──────── The data
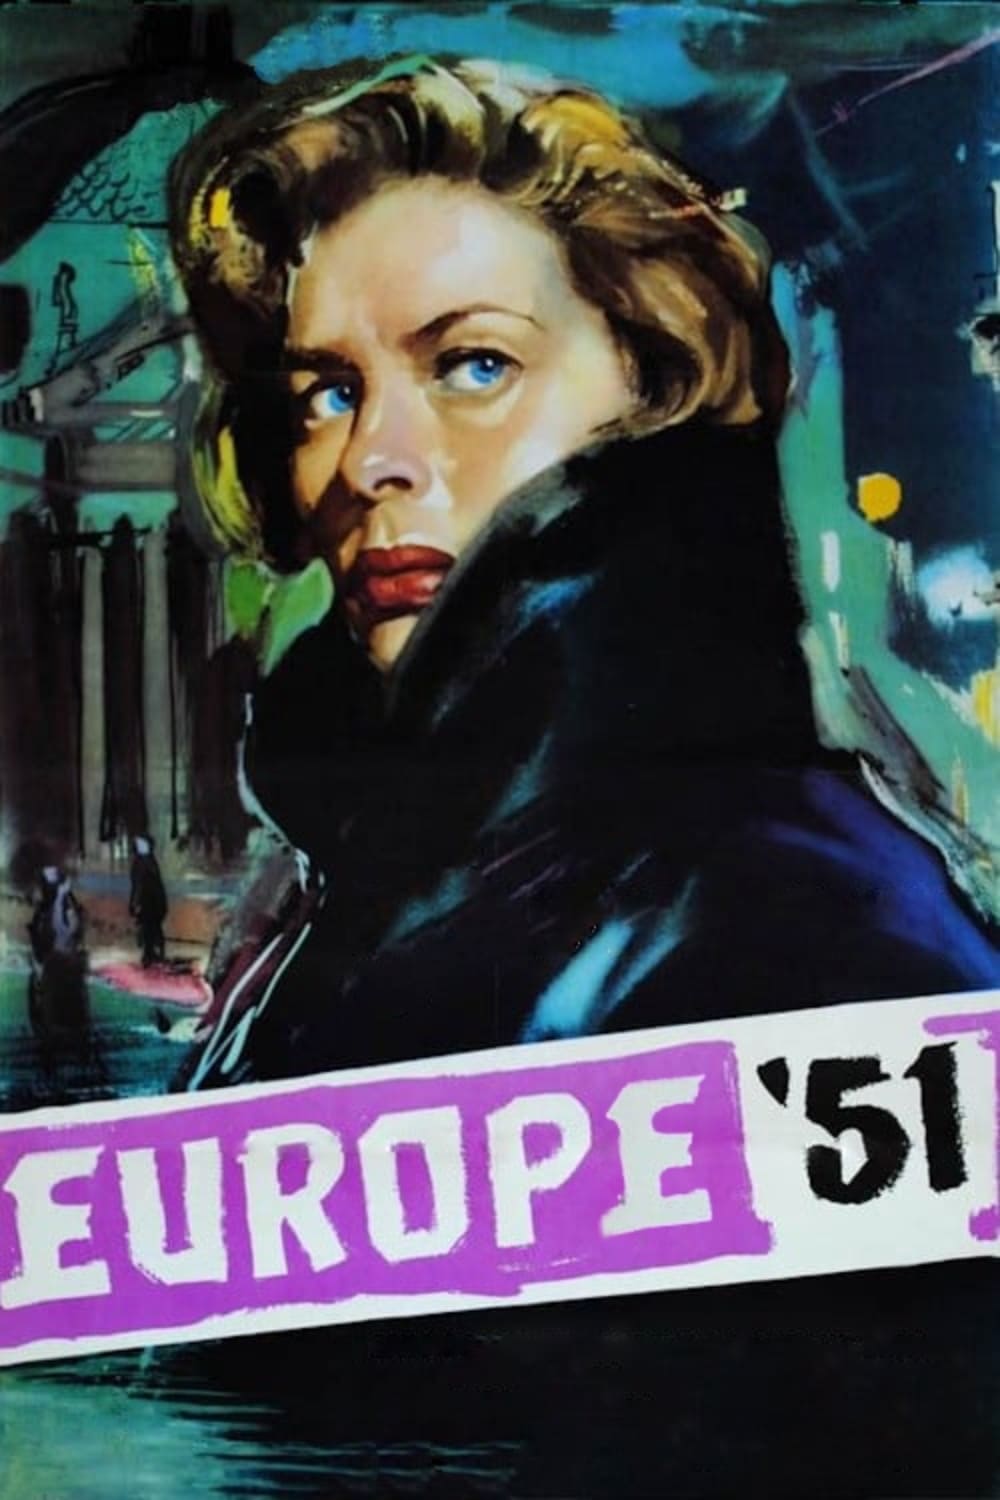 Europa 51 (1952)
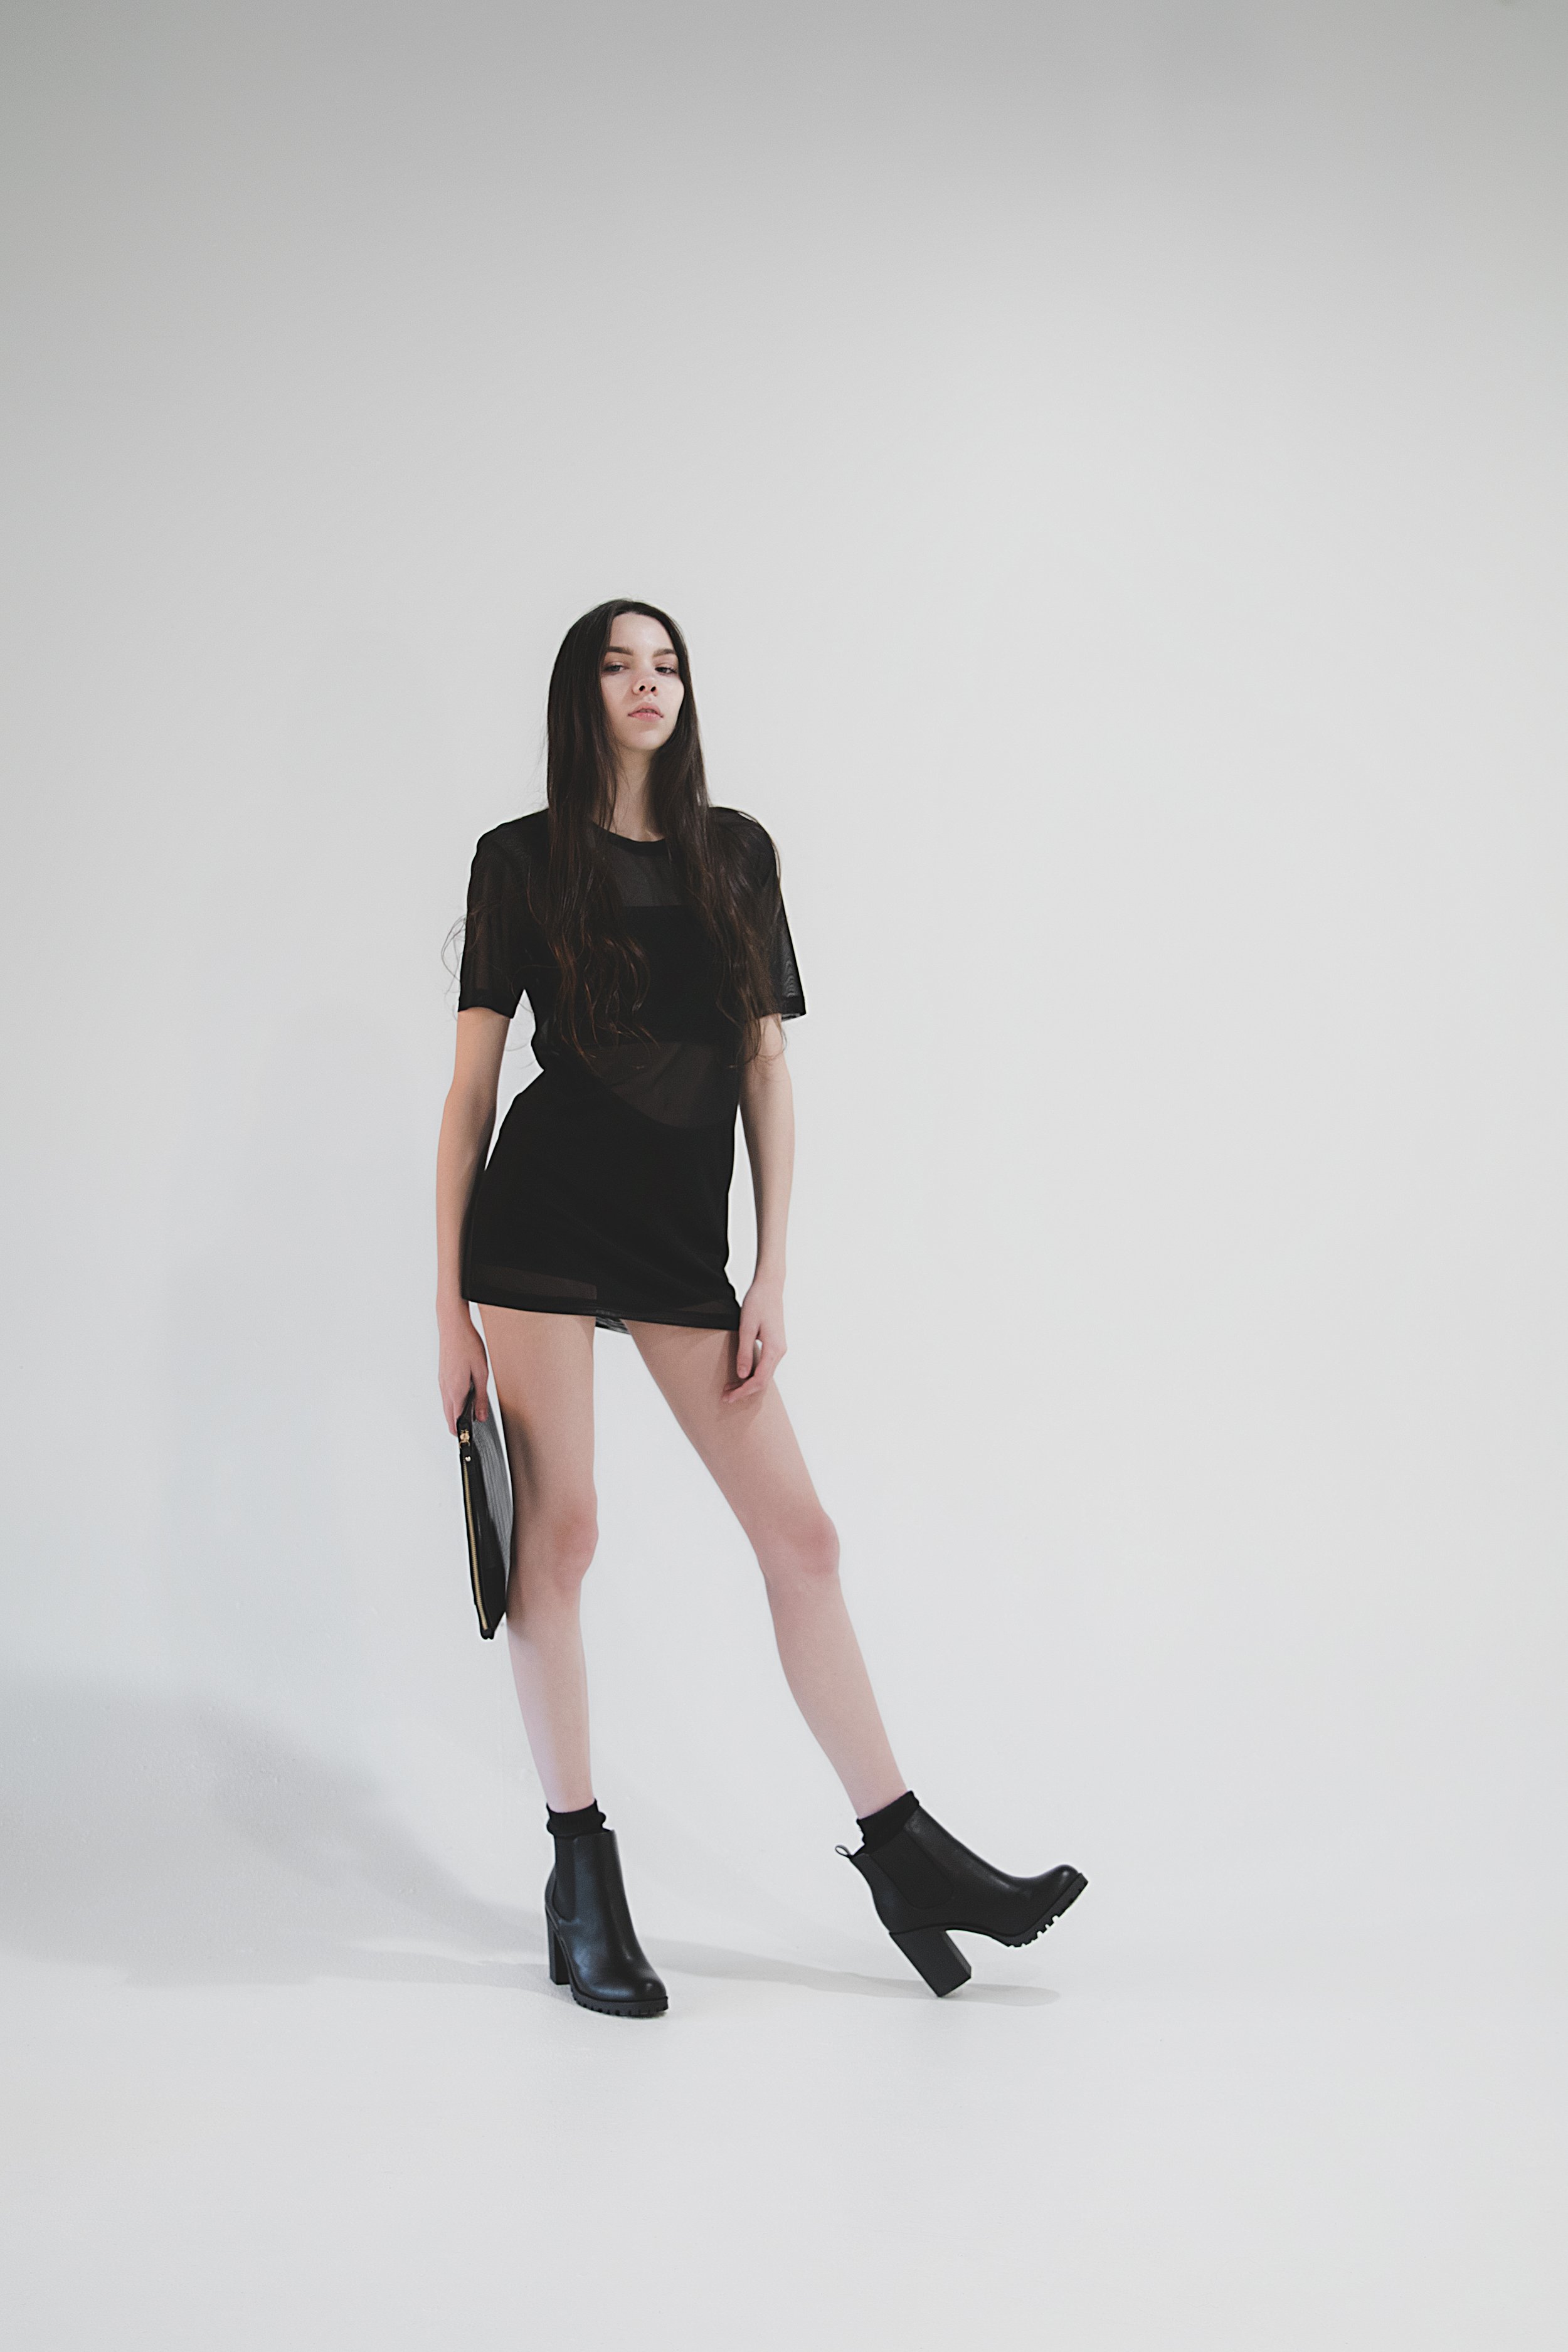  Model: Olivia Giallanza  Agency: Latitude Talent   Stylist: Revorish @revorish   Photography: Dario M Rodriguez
────────────────
──────── The data
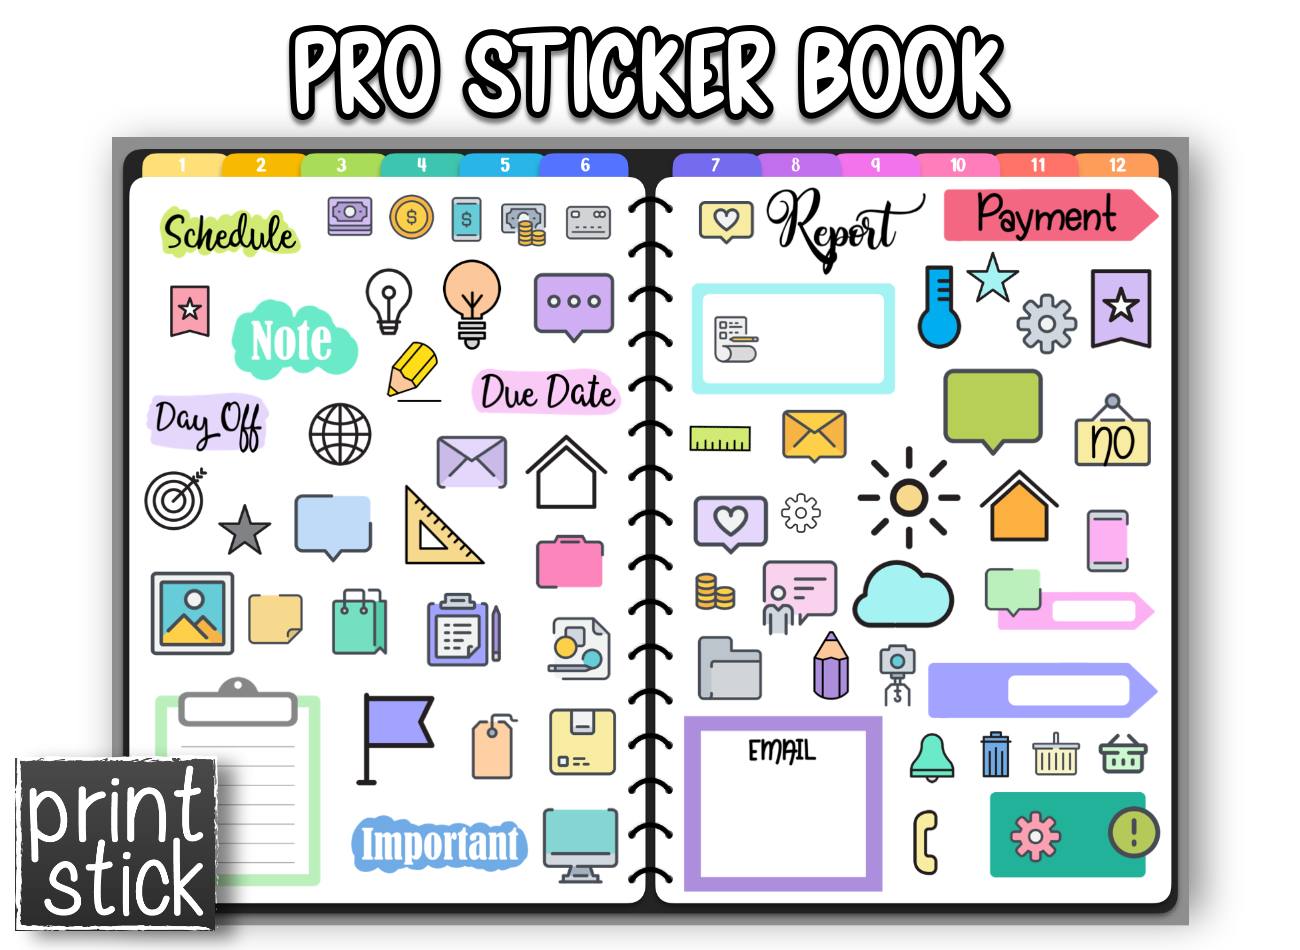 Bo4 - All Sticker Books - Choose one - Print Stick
────────────────
* _Assignment_: Beginning at the line above that contains "Europa 51 (1952)" and going on through the line that contains "Model: Olivia Giallanza", please copy every line exactly, leaving the pictures out and adding nothing.

* _Task answer_:
 Europa 51 (1952)
  Model: Olivia Giallanza  Agency: Latitude Talent   Stylist: Revorish @revorish   Photography: Dario M Rodriguez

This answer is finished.